BEGIN

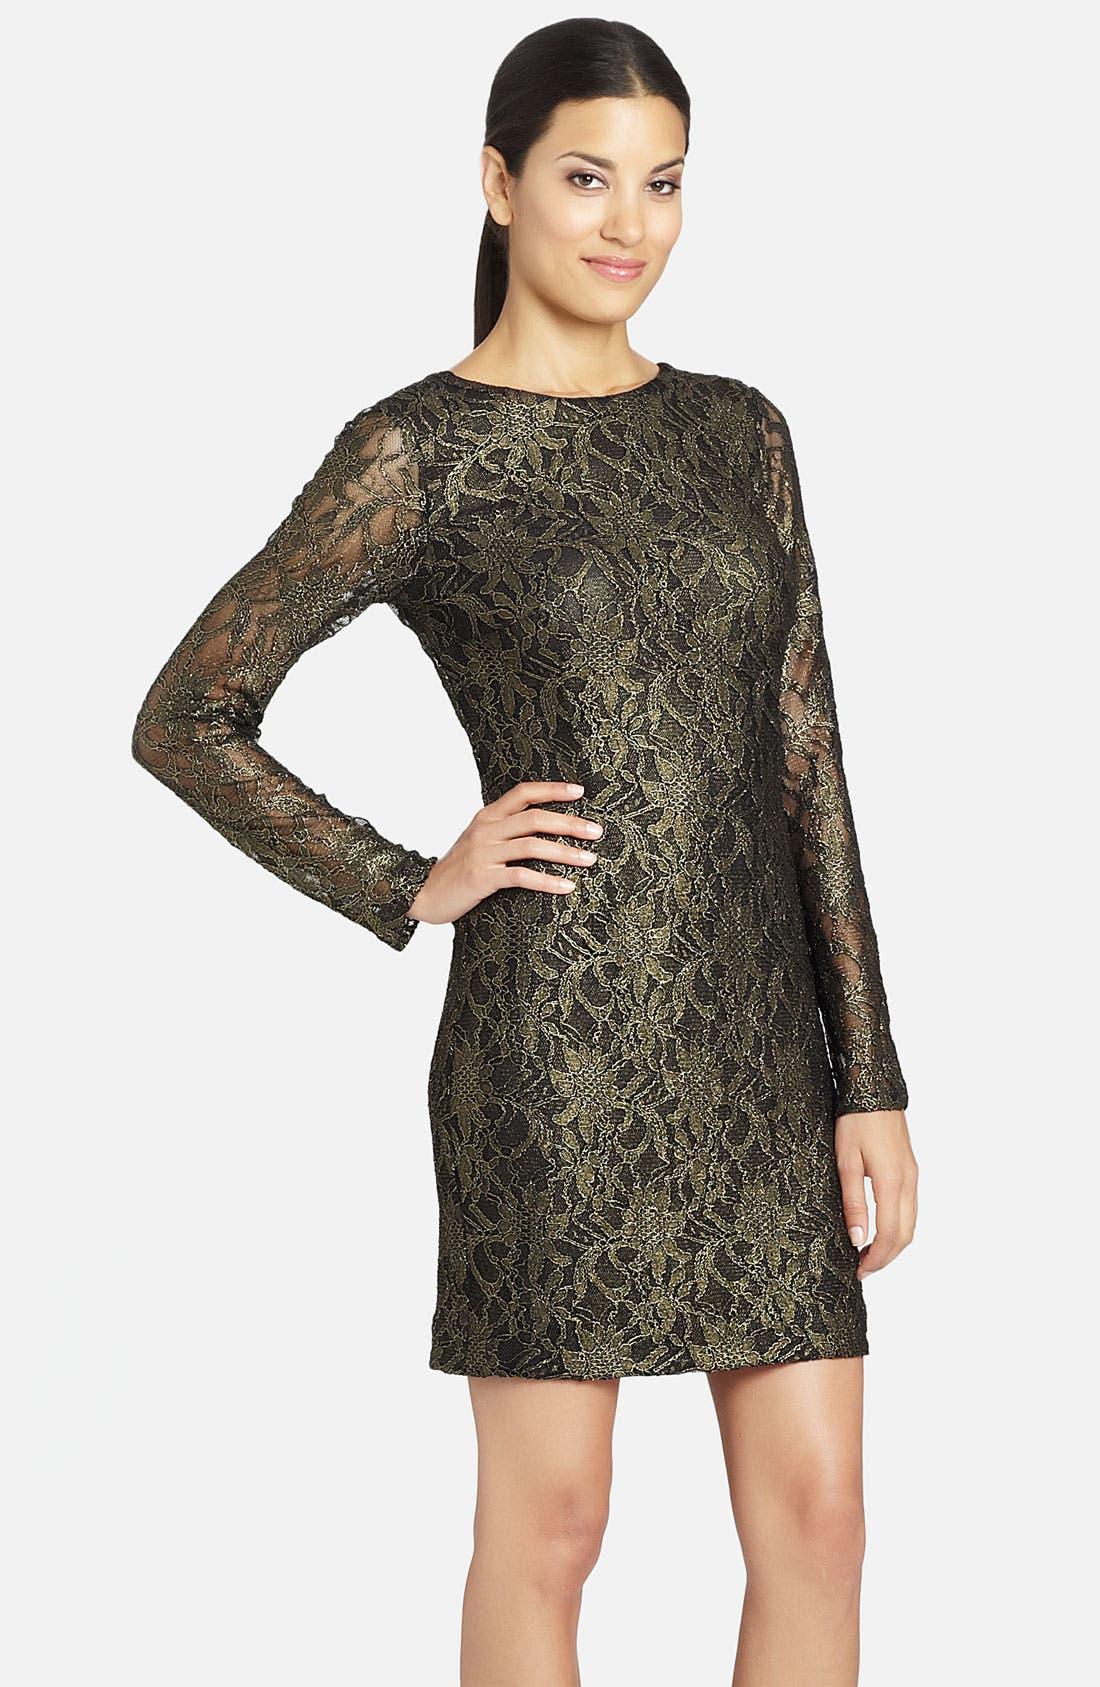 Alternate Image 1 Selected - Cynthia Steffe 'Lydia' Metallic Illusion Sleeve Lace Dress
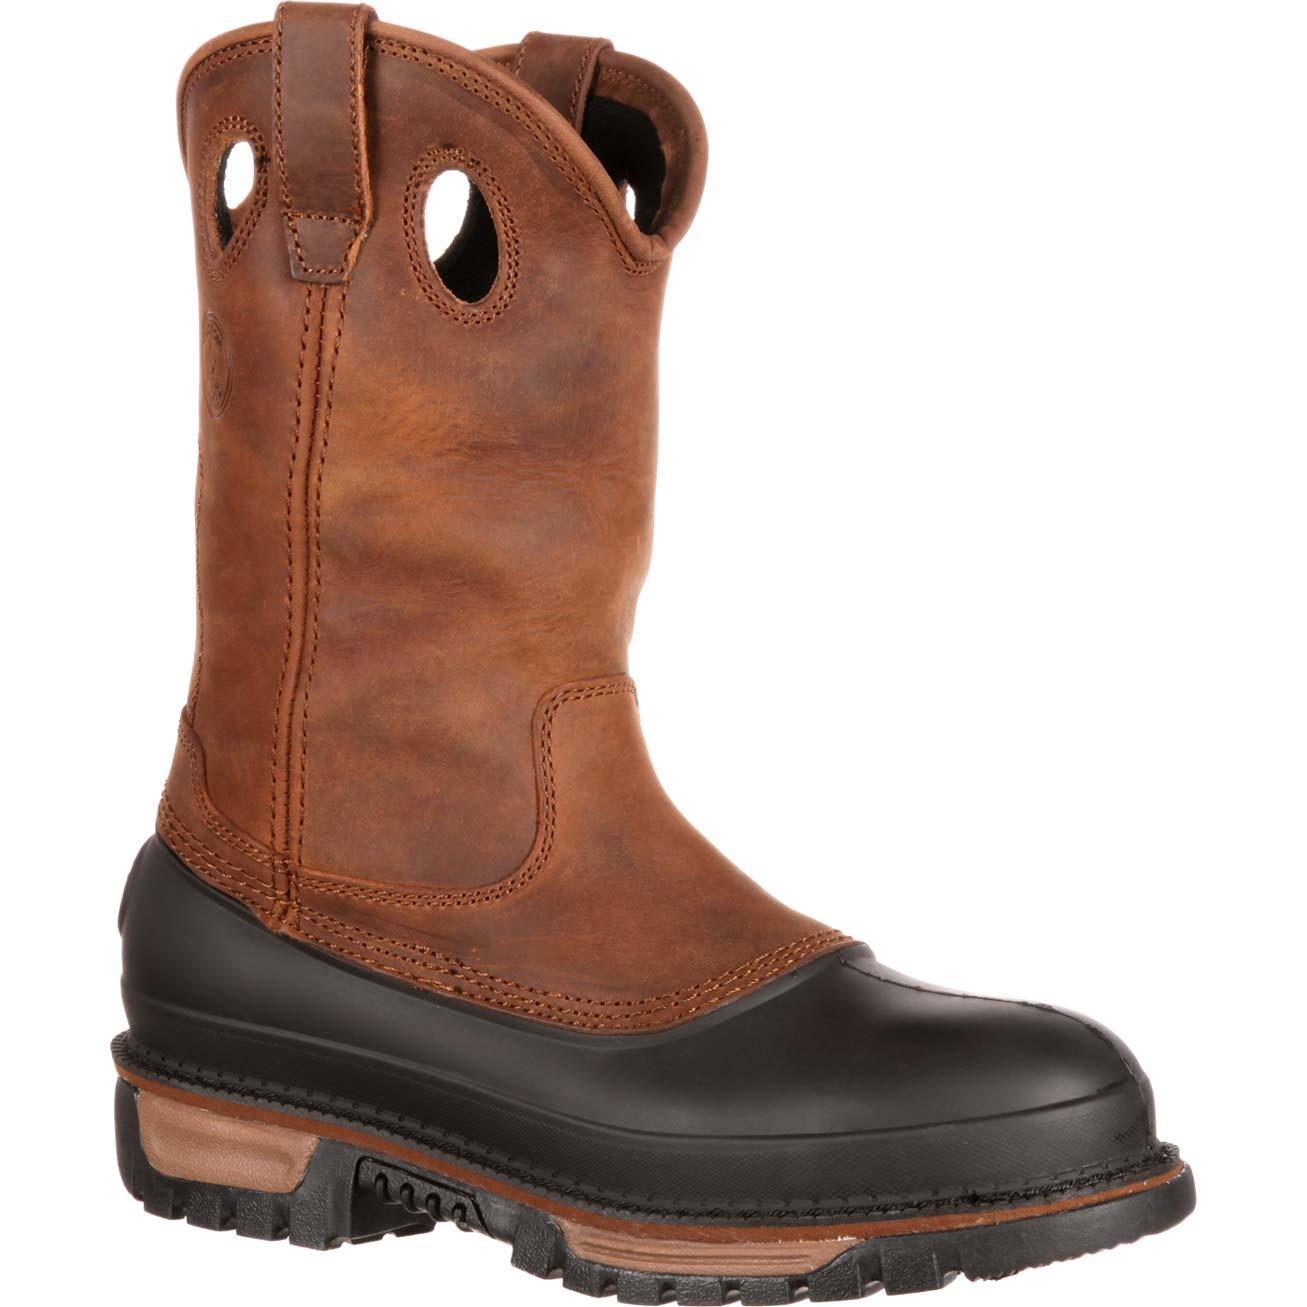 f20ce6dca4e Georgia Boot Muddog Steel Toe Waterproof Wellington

END
BEGIN

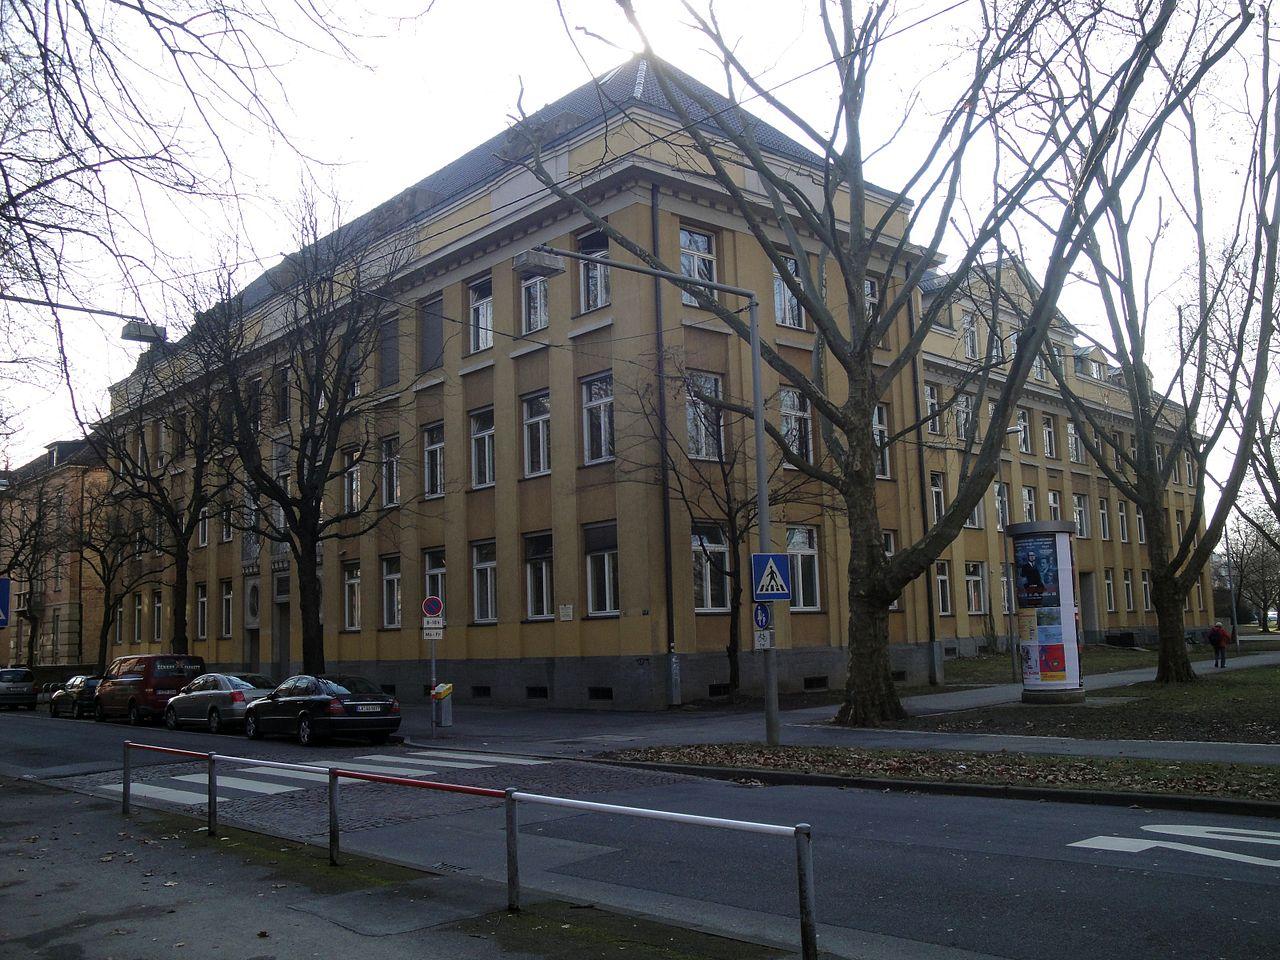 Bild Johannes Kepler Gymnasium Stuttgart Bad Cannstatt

END

Exercise prompt
Please return the material above only from the line that holds "Alternate Image 1" through the line that holds "f20ce6dca4e Georgia Boot", exactly as it stands, ends included and pictures omitted.

Solution
 Alternate Image 1 Selected - Cynthia Steffe 'Lydia' Metallic Illusion Sleeve Lace Dress
 f20ce6dca4e Georgia Boot Muddog Steel Toe Waterproof Wellington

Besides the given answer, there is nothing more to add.